Close the feedback loop with users. Explicit user feedback (thumbs up/down, correction actions, explicit ratings) is a signal about quality that automated metrics miss. Building feedback mechanisms into the product surface and processing that feedback into evaluation improvements is the highest-leverage quality maintenance investment for most AI features.

Summary

Evaluation-driven development treats the evaluation dataset as the product specification. It is the concrete, testable artifact that defines what quality means for your AI feature. Building it is a product responsibility, not only an engineering one, because it encodes the quality standards derived from user research.

A production-quality evaluation dataset includes core cases, edge cases, adversarial cases, and golden examples, all labeled with ground truth and tagged for sliced analysis. It is versioned rigorously so quality trajectories can be tracked. The three-layer evaluation stack, consisting of continuous automated metrics, weekly LLM-as-judge, and periodic human evaluation, provides the breadth, speed, and nuance that no single evaluation method can offer alone.

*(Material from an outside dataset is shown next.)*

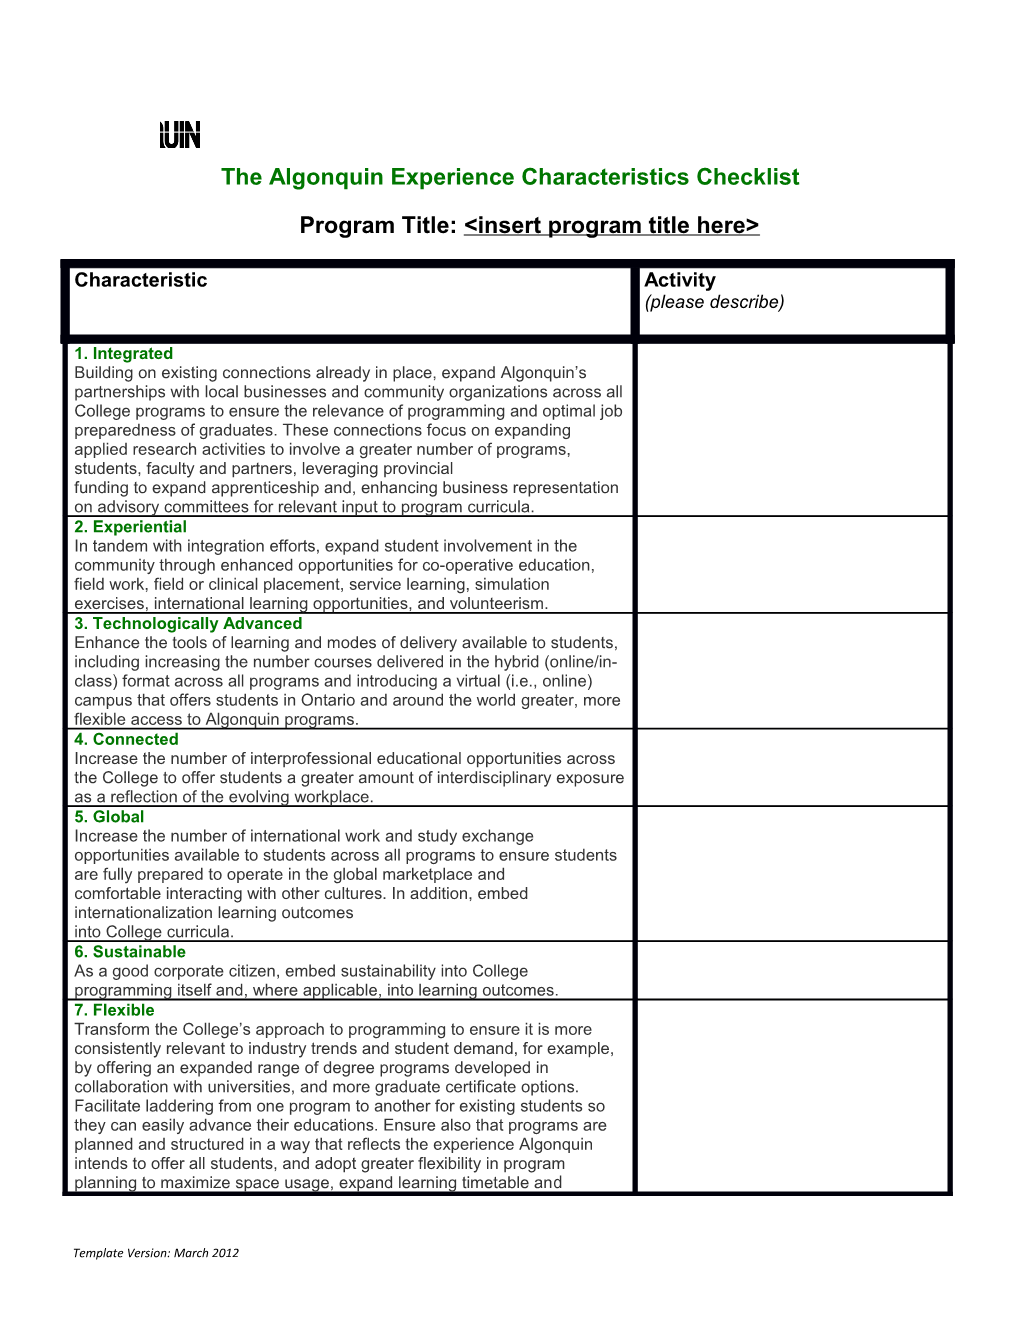 The Algonquin Experience Characteristics Checklist

A/B testing in production needs AI-specific discipline around sample size, novelty effects, spillover, and segment heterogeneity. Regression testing protects quality as the AI evolves, with thresholds that make trade-off decisions explicit rather than invisible. Quality maintenance in production, through monitoring, evaluation set harvesting, and feedback loops, is the ongoing work that keeps shipped AI features trustworthy as the world changes.

The teams that take evaluation seriously as a product discipline ship AI features that users trust and continue to use. The teams that treat it as QA overhead ship AI features that work in demos and disappoint in production.